# Knotenproblem



## hirnke (16. November 2011)

Habe mir eine ultra craft pro in 0,48 als schlagschnur geholt und möchte diese mit einer 0,25 fireline exceed verbinden. Habe die albright knoten (verbesserter, doppelter, usw), den jochenknoten, crystal knot, doppelten grinner, grinner und doppelte schlaufe getestet. Leider knallt die fireline unter relativ geringer belastung immer weg. Und zwar immer am knoten, als ob die ultra craft die fireline durchschneidet.

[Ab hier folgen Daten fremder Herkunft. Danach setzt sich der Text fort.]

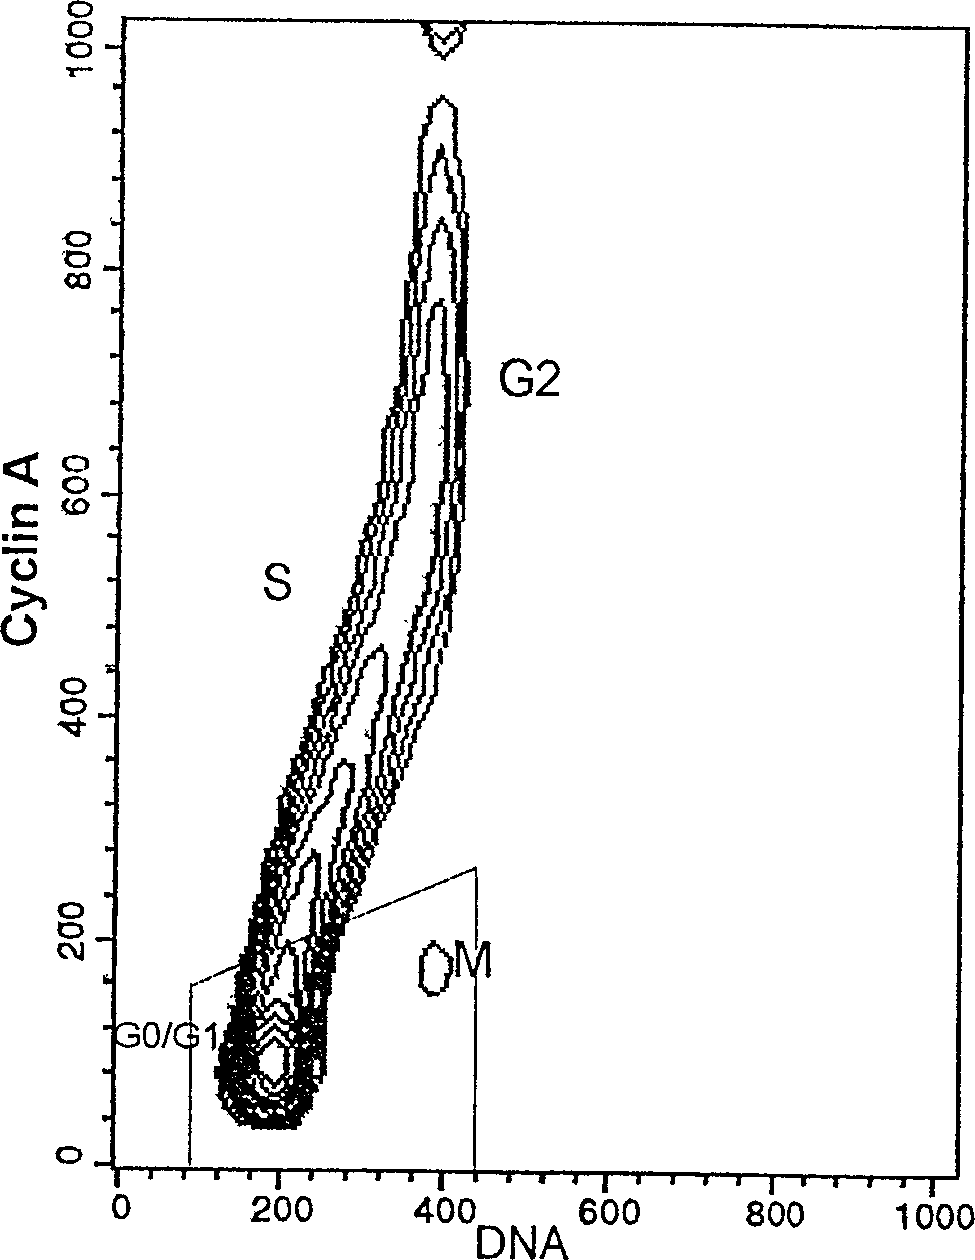 Double-parameter cell period analysis method

Verbinde ich die fireline mit ner mono hält es bombenfest. 
Hat jemand dieses proplem schon einmal beobachten können und gibt es eine lösung?

Übrigens macht die ultra craft pro einen feinen eindruck, sieht recht rund aus, ist geschmeidig und im gegensatz zu einer 50 mono sieht sie wirklich etwas dünner aus. 
hirnke


----------



## basslawine (16. November 2011)

*AW: Knotenproblem*

Hattest Du den schon probiert?

http://www.youtube.com/watch?v=KiO2VvXKkZY

sonst gibts noch die Möglichkeit die Haupschnur mit einem Bimini twist zu doppeln und anschließend den Schlagschnurknoten zu binden.

http://www.youtube.com/watch?v=tezh4McgNTA

Wie gut der Bimini Twist mit geflochtener funktioniert, weiss ich allerdings nicht!


Gruss Marco


----------



## hirnke (16. November 2011)

*AW: Knotenproblem*

Hi marco,
der erste von dir (youtube) ist ja der doppelte grinner, hält nicht so bombig.
Und die idee mit dem bimini ist nicht schlecht, aber das ist das selbe wie mit dem doppeltem albright. Der hält übrigens noch am besten, werde ihn morgen mal mit sekundenkleber vor dem festziehen betropfen und dann berichten.
Wäre ärgerlich wenn ich die beiden schnüre nich fest zusammen bekommen würde, würde gerne eine geflochtene schlagschnur verwenden um alles aus der beastmaster herauszuholen .
Hirnke


----------



## Rosi (16. November 2011)

*AW: Knotenproblem*



hirnke schrieb:


> Und zwar immer am knoten, als ob die ultra craft die fireline durchschneidet.
> hirnke



Moin, das ist bestimmt andersrum.


----------



## hirnke (17. November 2011)

*AW: Knotenproblem*



Kaulbarschspezi schrieb:


> Bzw. die Fireline schneidet sich selbst, z.B. wenn die Lagen nicht absolut parallel liegen. Der Jochenknoten (wer auch immer das sein soll), der eigentlich ein stinknormaler Schlagschnurknoten ist, sollte eigentlich - richtig gebunden - geeignet sein.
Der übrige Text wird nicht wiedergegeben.